Но затем он увидел ошибочность той надежды. Она экономила им жизнь так долго, лишь для того, чтобы они могли испытать горечь, наблюдая за поражением и бедствием сил их стран.
Тир толкнул его к двери.
— Выходи, чужеземная собака. Сонм богов готов теперь ехать.
Руки все еще находились связанными позади них, когда Фаллон и Хелверсон пошли вниз в тяжелой тишине, по массивной лестнице перед эскортом их сопровождения.
Они появились у замка Валгаллы в холодной, ветреной темноте, колеблющейся от дрожащего света многих красных факелов.
Ночной факельный свет озарял жестколицых воинов сонма богов в полной броне, тихо стоящих у своих лошадей. Темно-красные лучи вспыхивали и мерцали на рогатых шлемах, отражались от нагрудников, огромных боевых топорах и эфесах.
Сверхчеловеческая напряженность ожидания застыла на лицах двух тысяч мужчин.
Рабы держали за уздечки лошадей.
Фаллона и норвежца втолкнули в седла двух коней. Руки им не развязали, и воины сонма богов взялись за уздечки их лошадей, чтобы вести. В этот момент, напряженная тишина была сломана внезапно громким криком.
— Принцесса! — донесся сокрушительный хор вопящих голосов.
Фаллон выпрямился в седле. Его сердце бешено застучало, когда он увидел, что Бринхилд гибко шагнула из замка в свет факелов. Она носила податливую, блестящую кольчугу, но ее бледная золотистая голова была без шлема. Легкий меч качался на поясе, и белая рысь семенила возле нее.
Немного позади нее отставал угрюмоглазый Тиалфи, и аккуратно красивая черная фигура Виктора Хейзинга. Их сопровождали тонкие валькирии в кольчуге.
Сердце Фаллона забилось с бессильным гневом при виде нациста. Хейзинг теперь не показывал никаких признаков плохих манер, его бледные глаза блестели от триумфа.
— Принцесса!
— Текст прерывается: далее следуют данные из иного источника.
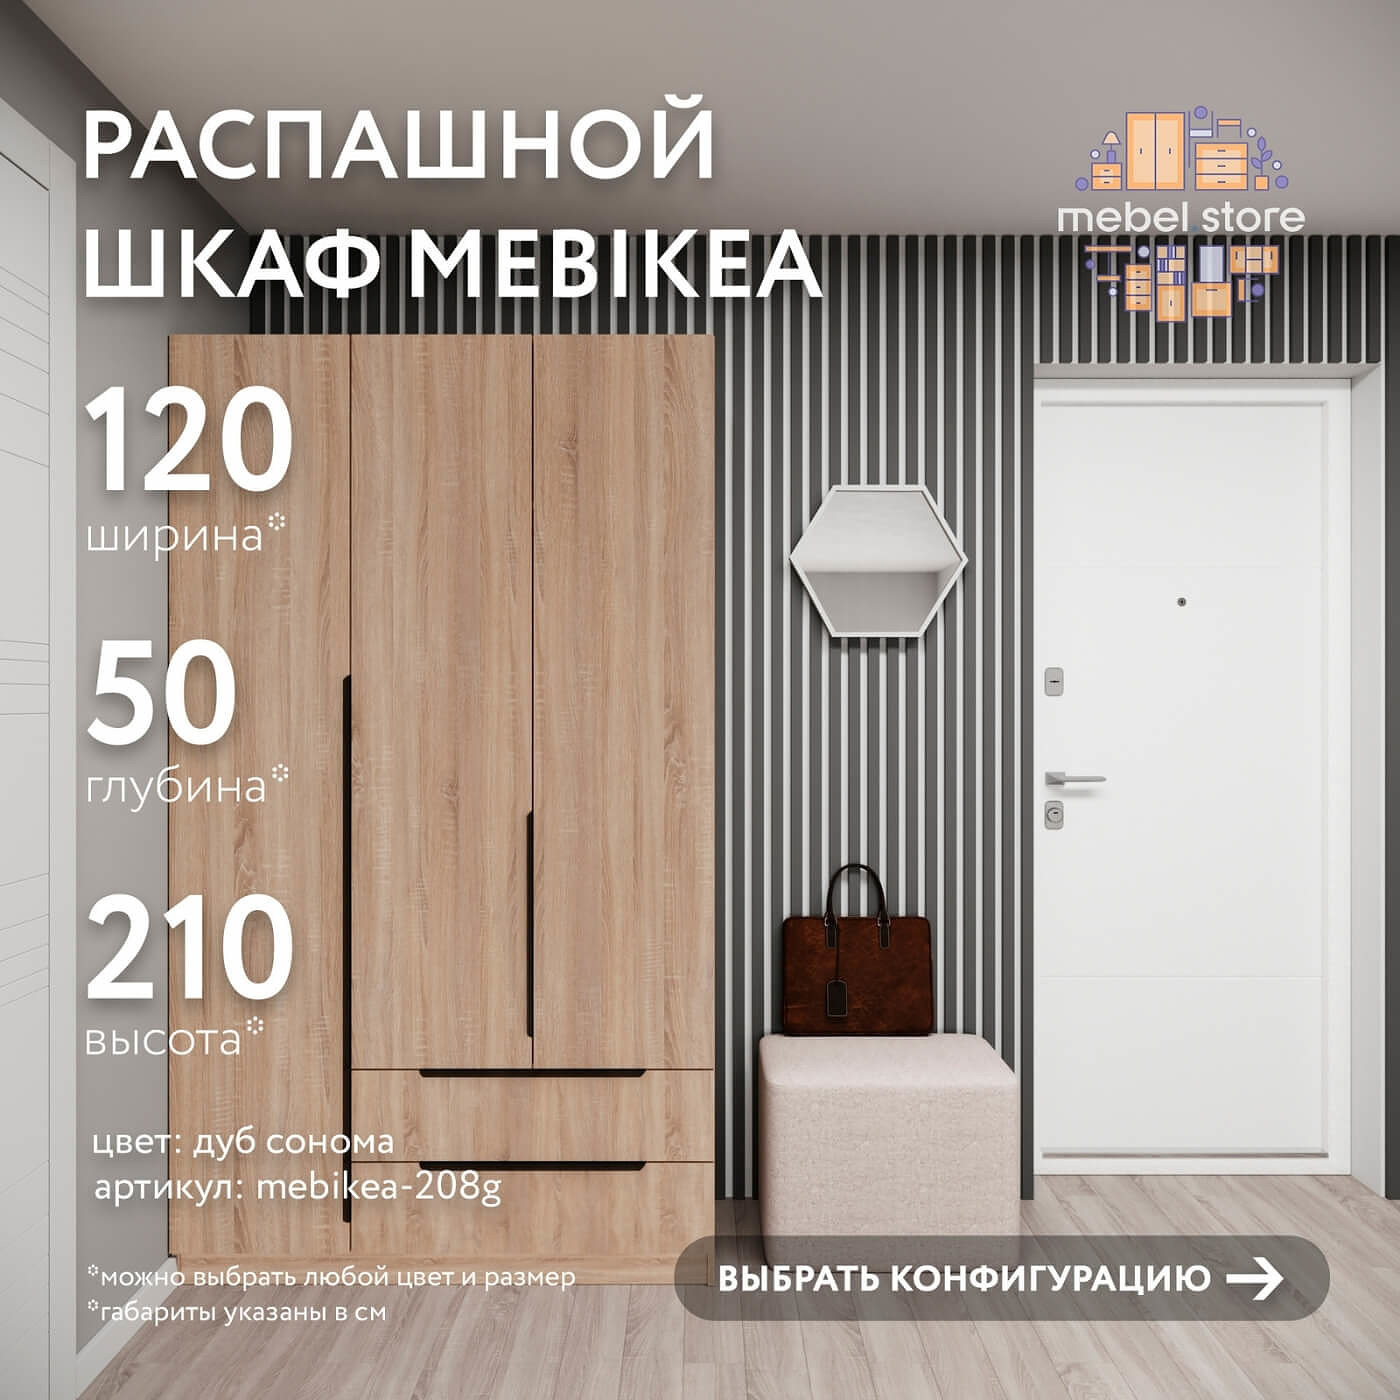 Шкаф Mebikea-208g минимализм для прихожей и спальни - фото 1 large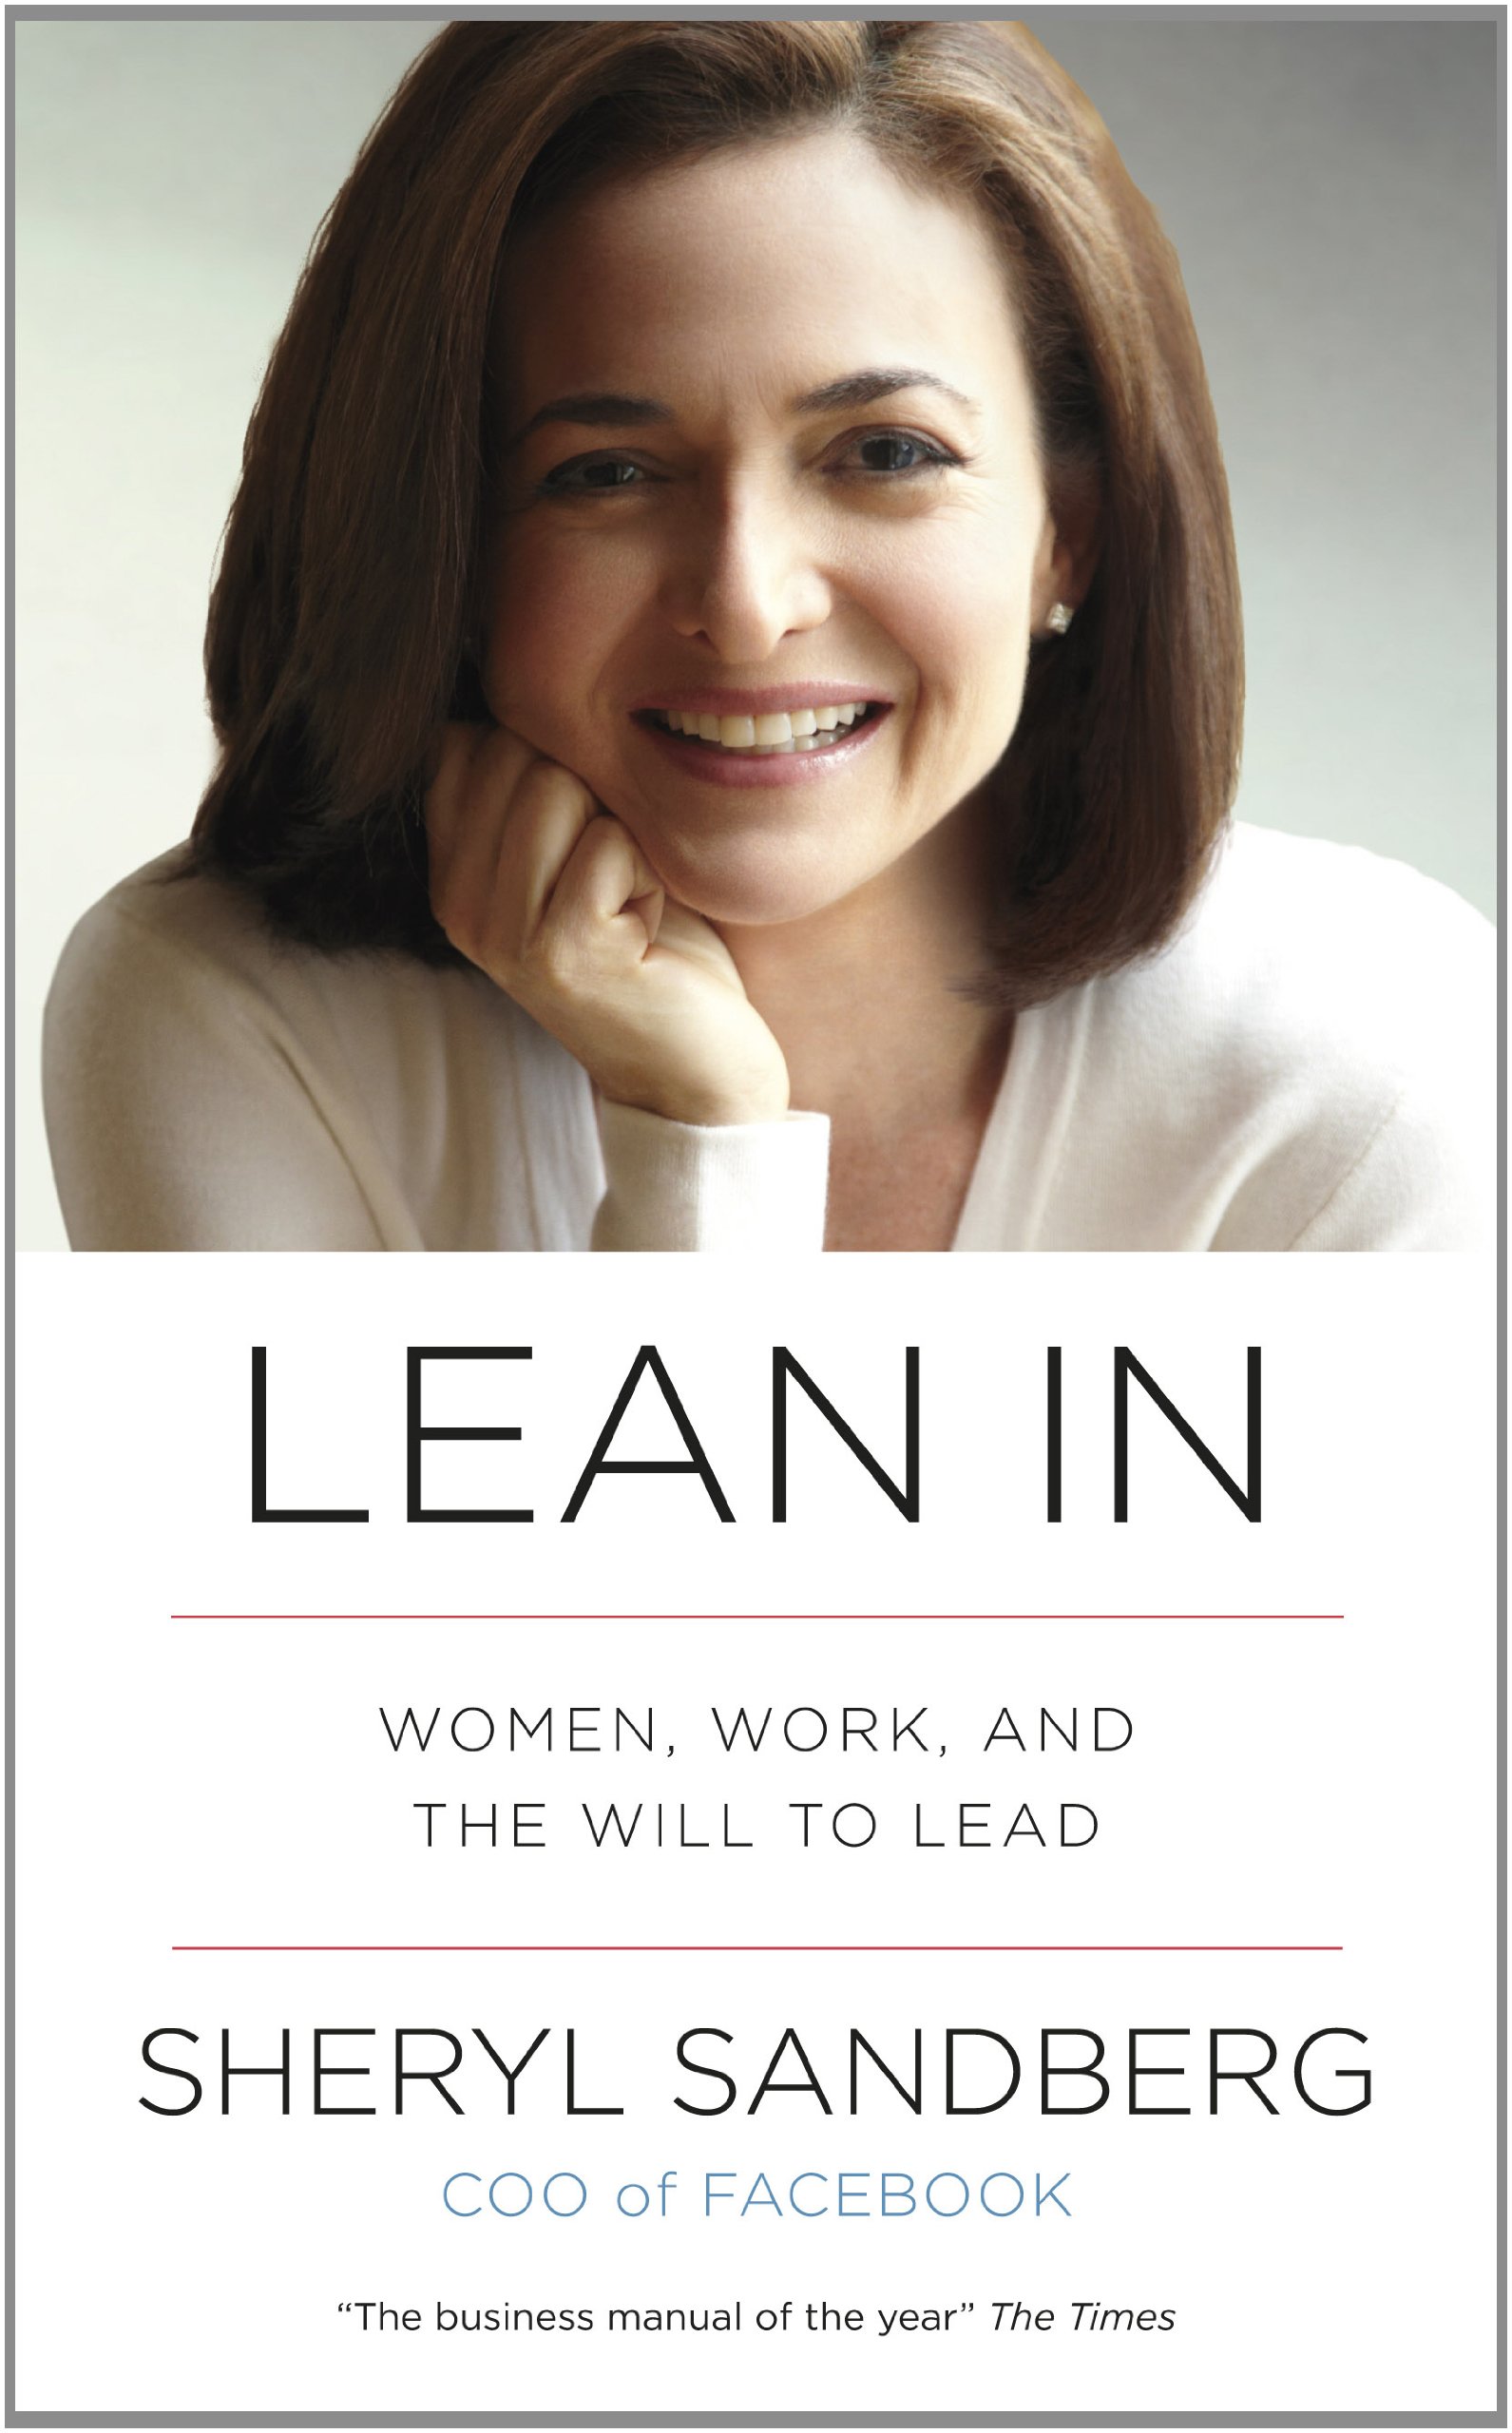 Cover image of Sheryl Sandberg's Book "Lean In"

Уважение Тору и его дочери! — звучали крики всадников, и лес мечей и топоров поднялся в приветствии к Бринхилд, которая подняла белую руку в подтверждение того дикого приветствия.
Сегодня вечером ее королевская красота походила на прыгающее пламя. Ее бриллианты глаз охватили жестоких воинов, игнорируя Фаллона.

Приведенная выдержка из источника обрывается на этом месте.